Where should I draw the line between lexer and par

I'm writing a lexer for the IMAP protocol for educational purposes and I'm stumped as to where I should draw the line between lexer and parser. Take this example of an IMAP server response:

* FLAGS (\Answered \Deleted)

This response is defined in the formal syntax like this:

mailbox-data   = "FLAGS" SP flag-list
flag-list      = "(" [flag *(SP flag)] ")"
flag           = "\Answered" / "\Deleted"

Since they are specified as string literals (aka "terminal" tokens) would it be more correct for the lexer to emit a unique token for each, like:

(TknAnsweredFlag)
(TknSpace)
(TknDeletedFlag)

Or would it be just as correct to emit something like this:

(TknBackSlash)
(TknString "Answered")
(TknSpace)
(TknBackSlash)
(TknString "Deleted")

My confusion is that the former method could overcomplicate the lexer - if \Answered had two meanings in two different contexts the lexer wouldn't emit the right token. As a contrived example (this situation won't occur because e-mail addresses are enclosed in quotes), how would the lexer deal with an e-mail address like \Answered@googlemail.com? Or is the formal syntax designed to never allow such an ambiguity to arise?

回答1:

As a general rule, you don't want lexical syntax to propagate into the grammar, because its just detail. For instance, a lexer for a computer programming langauge like C would certainly recognize numbers, but it is generally inappropriate to produce HEXNUMBER and DECIMALNUMBER tokens, because this isn't important to the grammar.

I think what you want are the most abstract tokens that allows your grammar to distinguish cases of interest relative to your purpose. You get to mediate this by confusion caused in one part of the grammar, by choices you might make in other parts.

If your goal is simply to read past the flag values, then in fact you don't need to distinguish among them, and a TknFlag with no associated content would be good enough.

If your goal is to process the flag values individually, you need to know if you got an ANSWERED and/or DELETED indications. How they are lexically spelled is irrelevant; so I'd go with your TknAnsweredFlag solution. I would dump the TknSpace, because in any sequence of flags, there must be intervening spaces (your spec say so), so I'd try to eliminate using whatever whitespace supression machinery you lexer offers.

On occasion, I run into situations where there are dozens of such flag-like things. Then your grammar starts to become cluttered if you have a token for each. If the grammar doesn't need to know specific flags, then you should have a TknFlag with associated string value. If a small subset of the flags are needed by the grammar to distinguish, but most of them are not, then you should compromise: have individual tokens for those flags that matter to the grammar, and a catch all TknFlag with associated string for the rest.

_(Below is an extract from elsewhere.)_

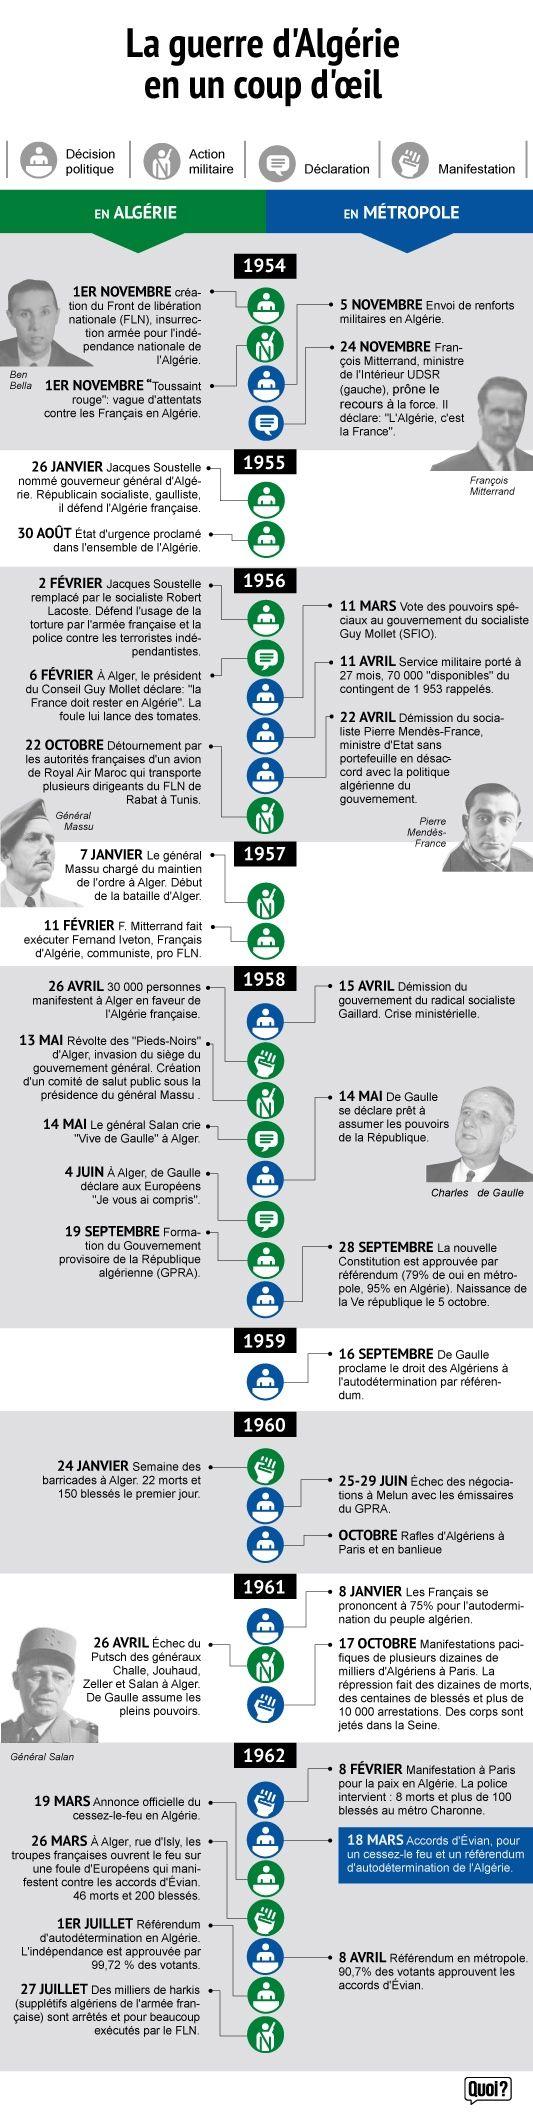 Infographie Guerre d'Algérie

Regarding the difficulty in having two different interpretations: this is one of those tradeoffs. If you have that issue, then your tokens either need to have fine enough detail in both places where they are needed in the grammar so you can discriminate. If "\" is relevant as a token somewhere else in the grammar, you certainly could produce both TknBackSlash and TknAnswered. However, if the way something is treated in one part of the grammar is different than another, you can often get around this using a mode-driven lexer. Think of modes as being a finite state machine, each with an associated (sub)lexer. Transitions between modes are triggered by tokens that are cues (you must have a FLAGS token; it is preciseuly such a cue that you are about to pick up flag values). In a mode, you can produce tokens that other modes would not produce; thus in one mode, you might produce "\" tokens, but in your flag mode you wouldn't need to. Mode support is pretty common in lexers because this problem is more common that you might expect. See Flex documentation for an example.

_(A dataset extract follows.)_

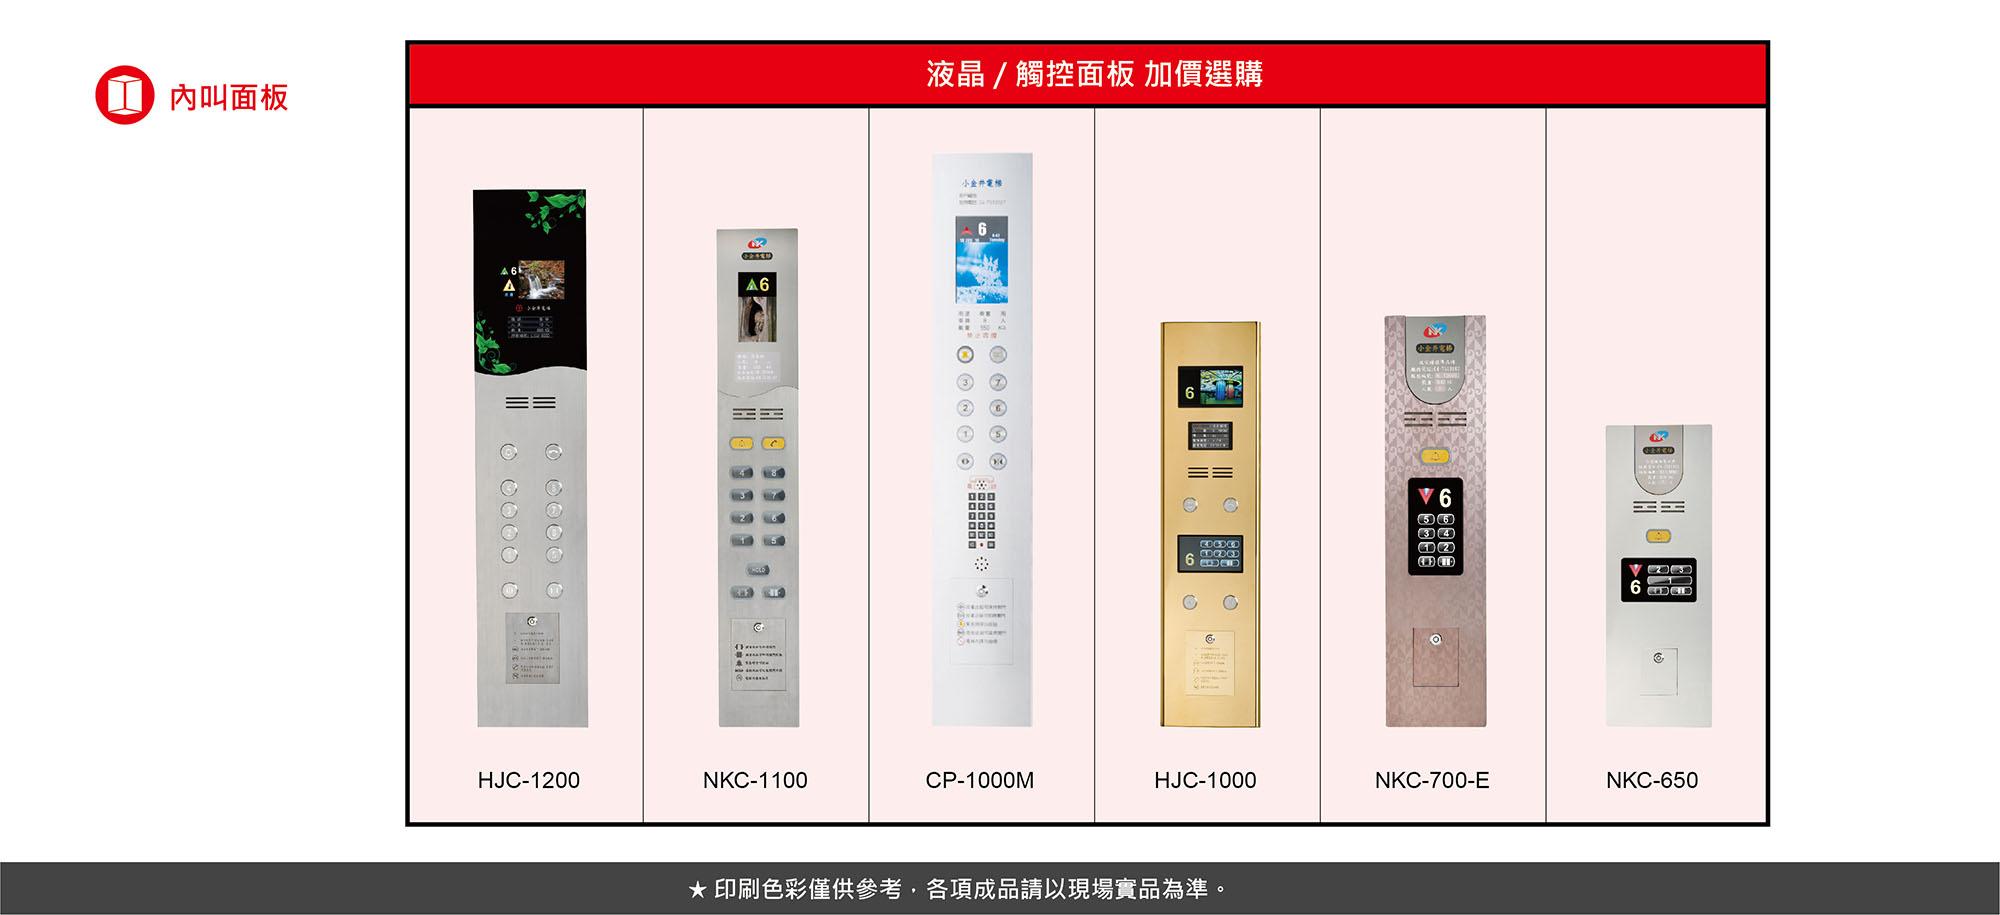 內叫面板 - 液晶觸控面板 加價選購

The fact that you are asking the question shows you are on the right track for making a good choice. You need to balance the maintainability goal of minimizing tokens (technically you can parse using a token for ever ASCII character!) with fundamental require to discriminate well enough for your needs. After you've built a dozen grammars this tradeoff will seem easy, but I think the rules of thumb I've provided are pretty good.

回答2:

I'd come up with the CFG first and whatever terminals it needs to do its job is what the lexer should recognize; otherwise you are just guessing at the proper way to tokenize the string.

回答3:

I'd recommend to avoid separating lexer and parser - modern parsing approaches (like PEGs) allows to mix lexing and parsing. This way you won't need tokens at all.